Yes, Monsieur Montespan. Much is written of his wife, Athénaïs, Marquise de Montespan and mistress of Louis XIV. Indeed, much has been written of any number of royal mistresses. But, to the best of my knowledge, little has been written of their cuckolded husbands.
Until now.
The story begins with a group of young men out on the town. The year is 1663 and the town is Paris, but the young men are not so different from young men today. There is music, drinking, shouting, laughter, arguing …
… and the next morning there is a duel, and one of the young men is dead.
He leaves a fiancée. Françoise. A beautiful young woman, an orphan, she is quite alone in the world.
One of his friends, Louis-Henri, Marquis de Montespan, shows concern, and that concern soon turns to love.
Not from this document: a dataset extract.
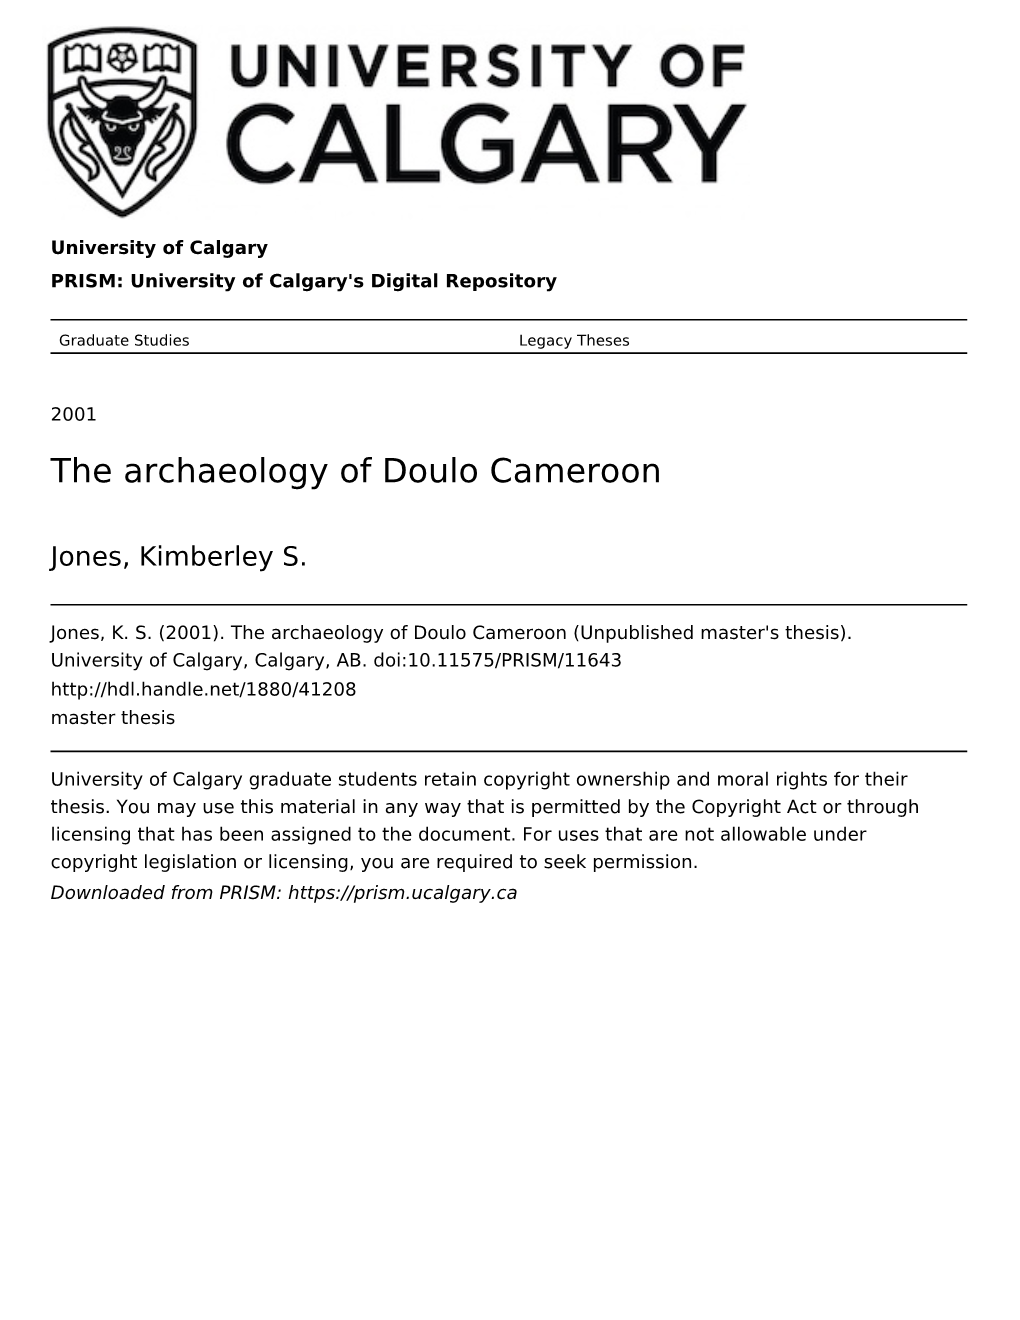 The Archaeology of Doulo Cameroon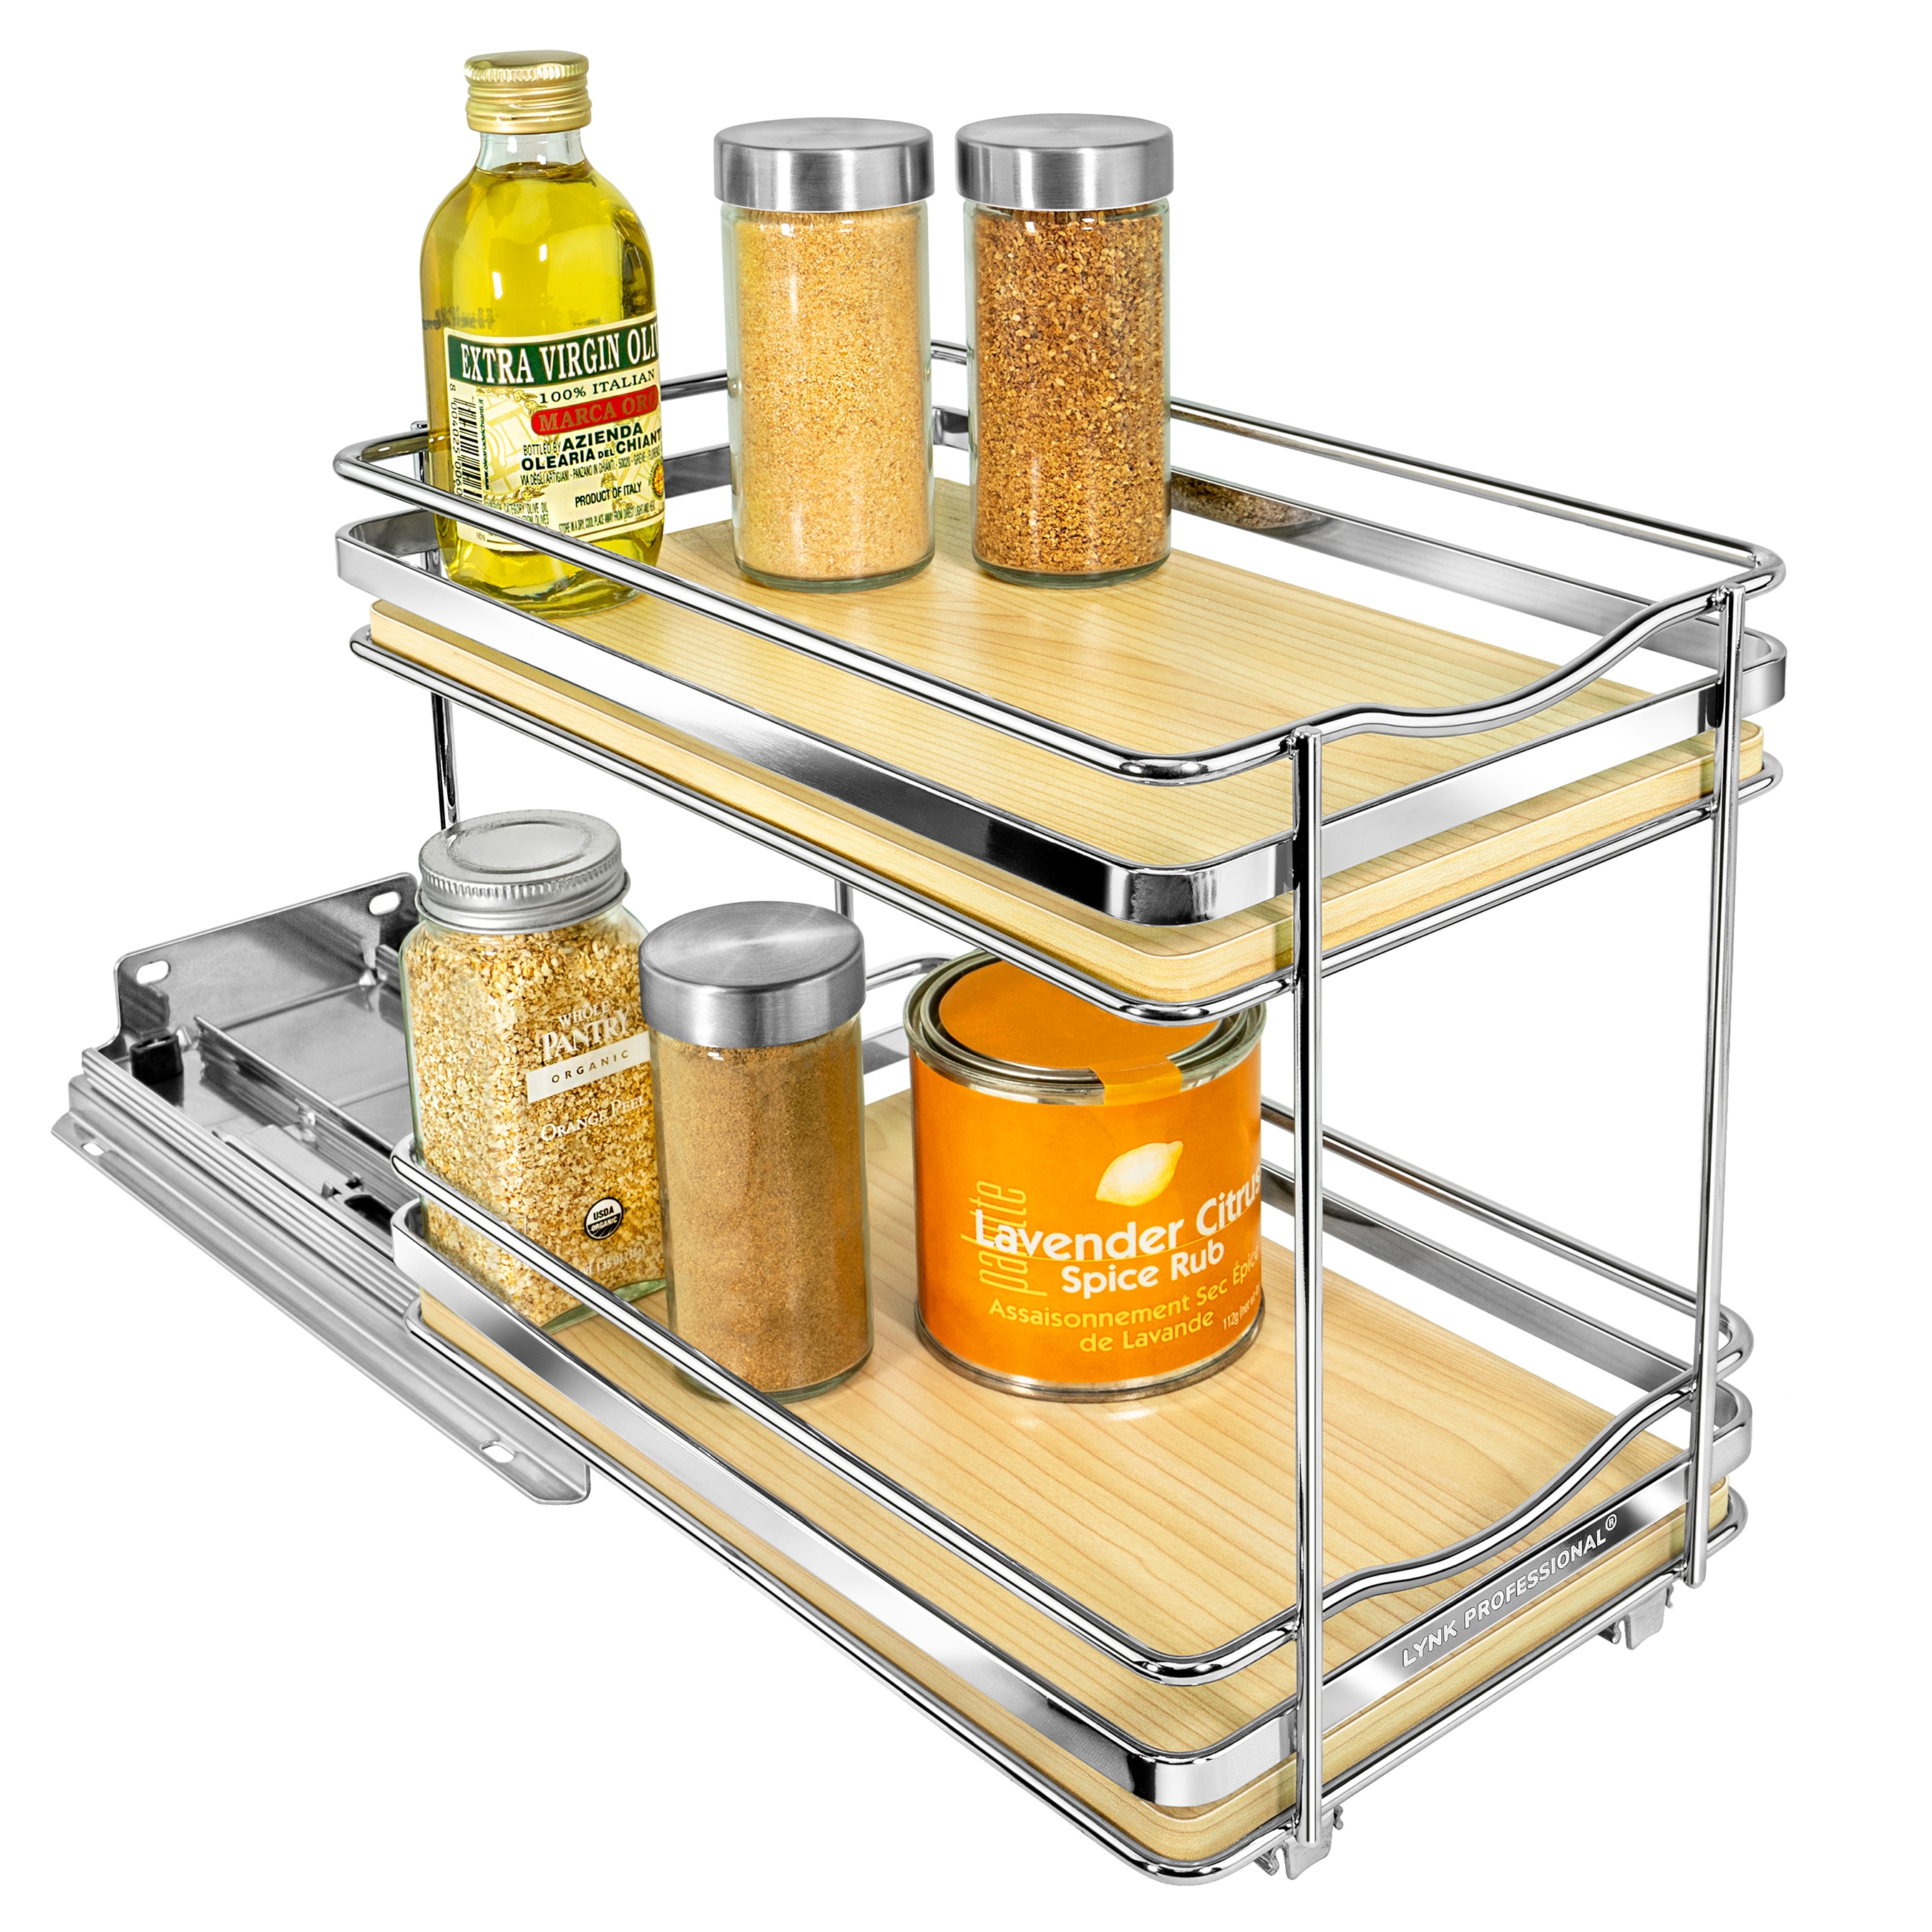 430422 Professional Roll Out Spice Organizer Two Tier - Lynk Inc

Within weeks they are married.
It is clear that Louis-Henri is passionately in love with his bride, but her feelings are less clear. Is she in love with her husband, or is she in love with romance, passion, love, beauty … ?
Françoise hates the straightened circumstances that she, her husband, and the children that arrive so quickly, must live in as she struggle to keep up with the social whirl. She is offered a position at court and eagerly accepts, changing her name to Athénaïs.
Athénaïs, so beautiful and so charming, is a huge success. The King notices her, and she soon becomes his mistress. She rises high, higher even than the queen, and she is, of course, lost to her family.
At that point the Marquis was expected to bow to the divine right of kings, to surrender his wife, to settle quietly into whatever position the king offered him.
Not this Marquis. He wanted his wife back. He protested loudly at the King’s behaviour. And he stood his ground, even when he was threatened, exiled, shunned, and treated abhorrently by society.
Jean Teulé tells the story of the Marquis with great wit and flair, painting a colourful picture of the excesses, and indeed the sheer ridiculousness, of the Sun King’s court.
It was a bawdy and earthy tale, and at times it was a little too much for me.
But there were wonderful human stories too, with comedy, tragedy, and pretty much everything in between.
I was sorry that Athénaïs’s story was missing, and that, even before she left her family, her character was elusive. I can’t quite explain how or why, but that definitely left a gap.
Monsieur Montespan was a very readable book, and I can understand why it was a huge hit in France, but I can’t shake the feeling that there might be an even better book to be written telling the same story from both sides.